Department of Pathology, Regina Elena National Cancer Institute, Via Elio Chianesi 53, 00144, Rome, Italy.
Department of Medical Sciences, University of Turin, Pathology Unit, Via Santena 7, 10126, Turin, Italy.
J Exp Clin Cancer Res. 2017 Oct 13;36(1):143. doi: 10.1186/s13046-017-0613-2.
This is a retrospective cross sectional study aimed to verify whether Multiplex Ligation-dependent Probe Amplification (MLPA), a quantitative molecular assay, may represent a valuable reflex test in breast cancer with equivocal HER2 expression by immunohistochemistry and HER2 gene signals/nucleus (s/n) ranging between 4.0 and 5.9 by in situ hybridization.
A series of 170 breast carcinomas scored as 2+ for HER2 expression by immunohistochemistry, were selected from our files and analyzed in parallel by silver in situ hybridization and by MLPA. According to ASCO-CAP 2013 guidelines, 54/170 tumors, displaying 4.0-5.9 HER2 gene s/n, were defined as low amplified (ratio ≥ 2) or equivocal (ratio < 2) on the basis of centromere enumeration probe 17 (CEP17) status. An independent set of 108 score 2+ breast cancers represented the external validation set. Concordance between the two techniques was assessed through the use of Cohen's K statistic.
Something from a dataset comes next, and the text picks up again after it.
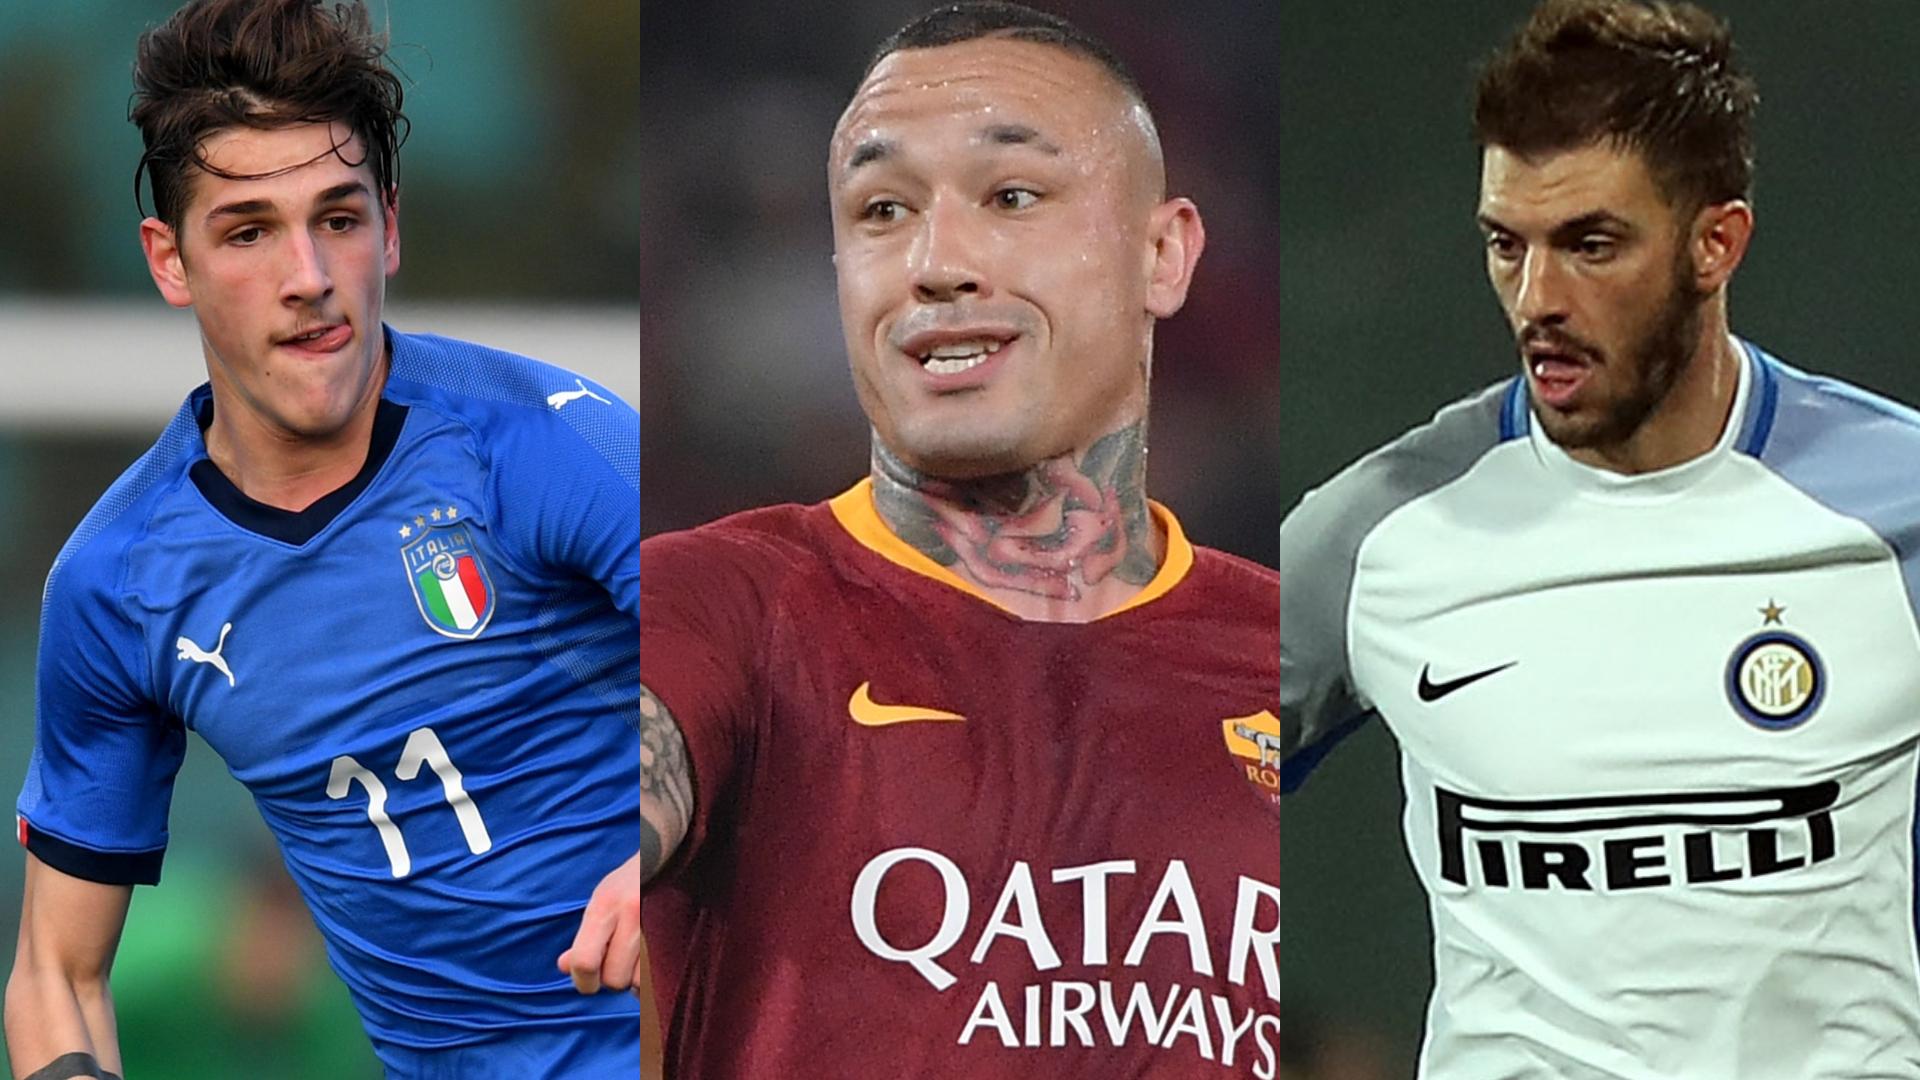 Calciomercato Inter: è fatta per Nainggolan, limati gli ultimi dettagli

A concordance rate of 78.2% (Cohen's K statistic: 0,548 95% CI:[0,419-0,677]) between in situ hybridization and MLPA was found in the whole series of 170 cases and of 55.5% (Cohen's K statistic: -0,043 95% CI:[-0,271-0,184]) in the 54 tumors presenting 4.0-5.9 HER2 gene s/n. By MLPA, we found HER2 amplification or gain in 14% of the 21 BC presenting a disomic status and in 18% of the 33 BC presenting a CEP17 > 2.0. These data were further confirmed in the external validation set. Interestingly, the 54 low amplified/equivocal breast carcinomas presented a frequency of hormonal receptor positivity significantly higher than that observed in the amplified tumors and similar to the non-amplified one (p = 0.016 for estrogen receptor and p = 0.001 for progesterone receptor).
To avoid to offer patients an ineffective therapy, HER2 status should be studied more thoroughly in low amplified and equivocal cases which can have lower response rates and shorter time to progression to trastuzumab. In this context, our data indicate that MLPA may be a reliable, objective supporting test in selecting HER2 positive breast cancer patients.
本研究为回顾性横断面研究,旨在验证多重连接依赖探针扩增(MLPA)这种定量分子检测手段是否可作为一种有用的辅助检测方法,用于对免疫组化结果为 2+且 HER2 基因信号/核(s/n)比值为 4.0-5.9 的乳腺癌患者进行检测。
本研究从我们的存档中选择了一系列免疫组化结果为 2+的乳腺癌患者,共 170 例,通过银原位杂交和 MLPA 进行平行分析。根据 ASCO-CAP 2013 指南,54/170 例肿瘤的 HER2 基因 s/n 比值为 4.0-5.9,根据着丝粒计数探针 17(CEP17)的状态,将其定义为低扩增(比值≥2)或不确定(比值<2)。另外还选择了 108 例免疫组化评分 2+的乳腺癌患者作为外部验证集。通过 Cohen K 统计量评估两种技术之间的一致性。
在整个 170 例患者中,原位杂交和 MLPA 之间的一致性率为 78.2%(Cohen K 统计量:0.548,95%CI:[0.419-0.677]),在 54 例 4.0-5.9 HER2 基因 s/n 比值的肿瘤中,一致性率为 55.5%(Cohen K 统计量:-0.043,95%CI:[-0.271-0.184])。通过 MLPA,我们发现 21 例二倍体肿瘤中有 14%存在 HER2 扩增或增益,33 例 CEP17>2.0 的肿瘤中有 18%存在 HER2 扩增或增益。这些数据在外部验证集中得到了进一步证实。有趣的是,54 例低扩增/不确定的乳腺癌患者的激素受体阳性率显著高于扩增肿瘤,与非扩增肿瘤相似(雌激素受体 p=0.016,孕激素受体 p=0.001)。
为避免为患者提供无效的治疗,对于低扩增和不确定的病例,应更深入地研究 HER2 状态,因为这些病例的反应率可能较低,并且对曲妥珠单抗的进展时间也较短。在这种情况下,我们的数据表明 MLPA 可能是一种可靠的、客观的辅助检测方法,可用于选择 HER2 阳性乳腺癌患者。